«Какие сейчас роли? Если и приглашают, то на один день»
— Я в такой эйфории от того, что меня еще узнают, — реагирует на поклонников Адомайтис.
— В советские времена, когда мы смотрели фильмы с вашим участием, вы нам казались абсолютно западным человеком. А вы-то себя ощущали европейцем?

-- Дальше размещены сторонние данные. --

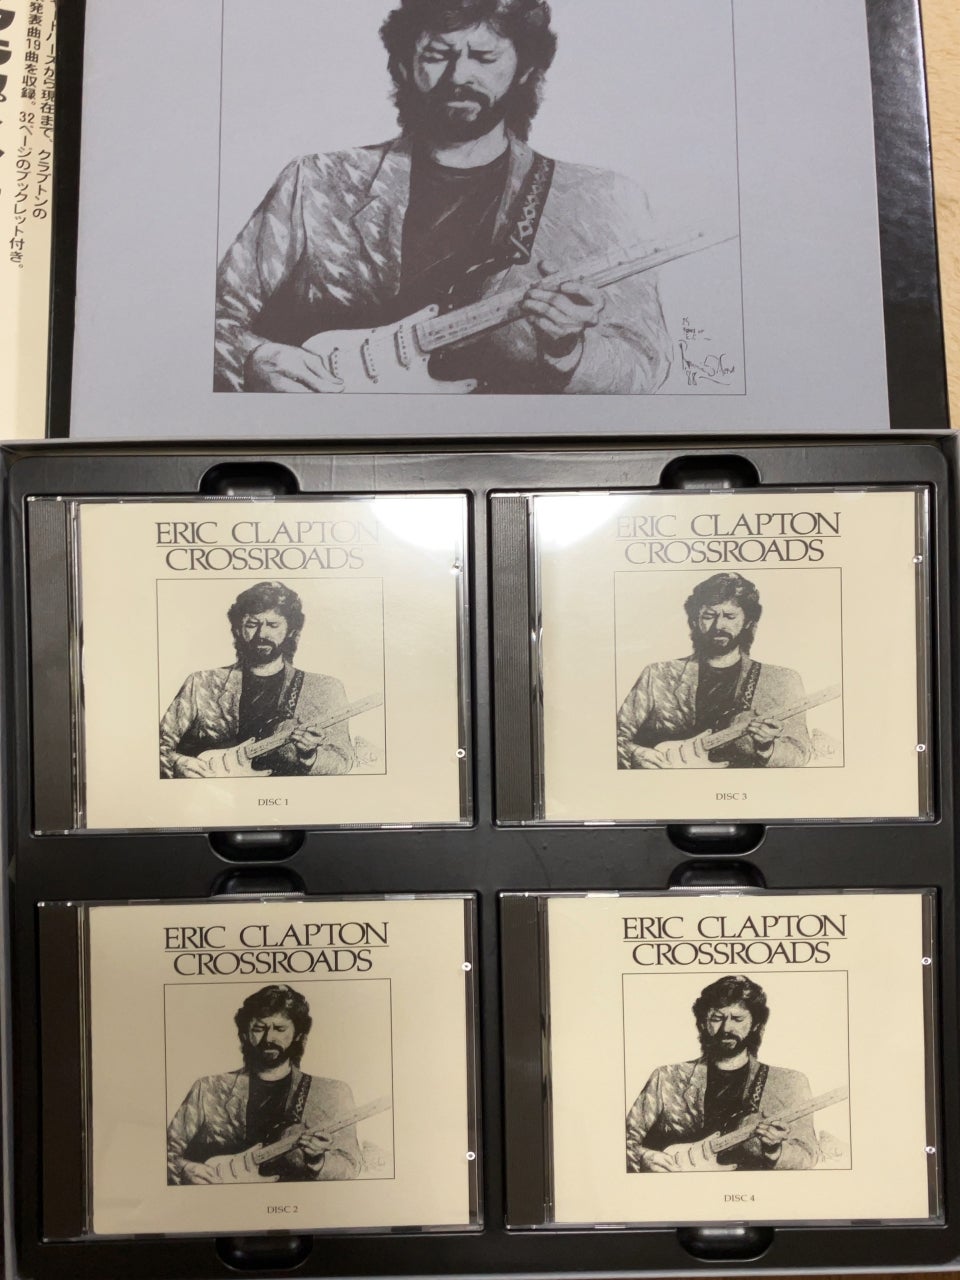 エリック・クラプトン『Crossroads』4CD Box set in 1988 | Music and

— Все мы были тогда советскими. Я сыграл несколько иностранцев — американца, бельгийского шпиона, еще кого-то. Может быть, благодаря разнице наших культур меня воспринимали европейцем. Мы чуть-чуть отличались. Мой герой в «Досье человека в «Мерседесе» был бельгийцем, но при этом американским шпионом. Он влюбился в героиню Людмилы Чурсиной, пошел в КГБ, признался во всем, а потом жил с этой женщиной. Между прочим, это реальная история, герои которой поженились и жили в Москве.
— Людмила Чурсина должна приехать в Друскининкай со спектаклем.
— В театре я ее никогда не видел. Какая же она была удивительная, обаятельная и женственная. Так хотел бы встретиться с ней, но из-за болезней придется уехать раньше. Мне ведь предстоит повторная операция. Одну уже сделали, но вместо того, чтобы быть здоровым, я глотаю антибиотики и хожу как калека. Будем надеяться, что после повторной операции все будет хорошо.
— Кто-то заботится о вас? У нас многие актеры никому не нужны, один на один сражаются с болезнями.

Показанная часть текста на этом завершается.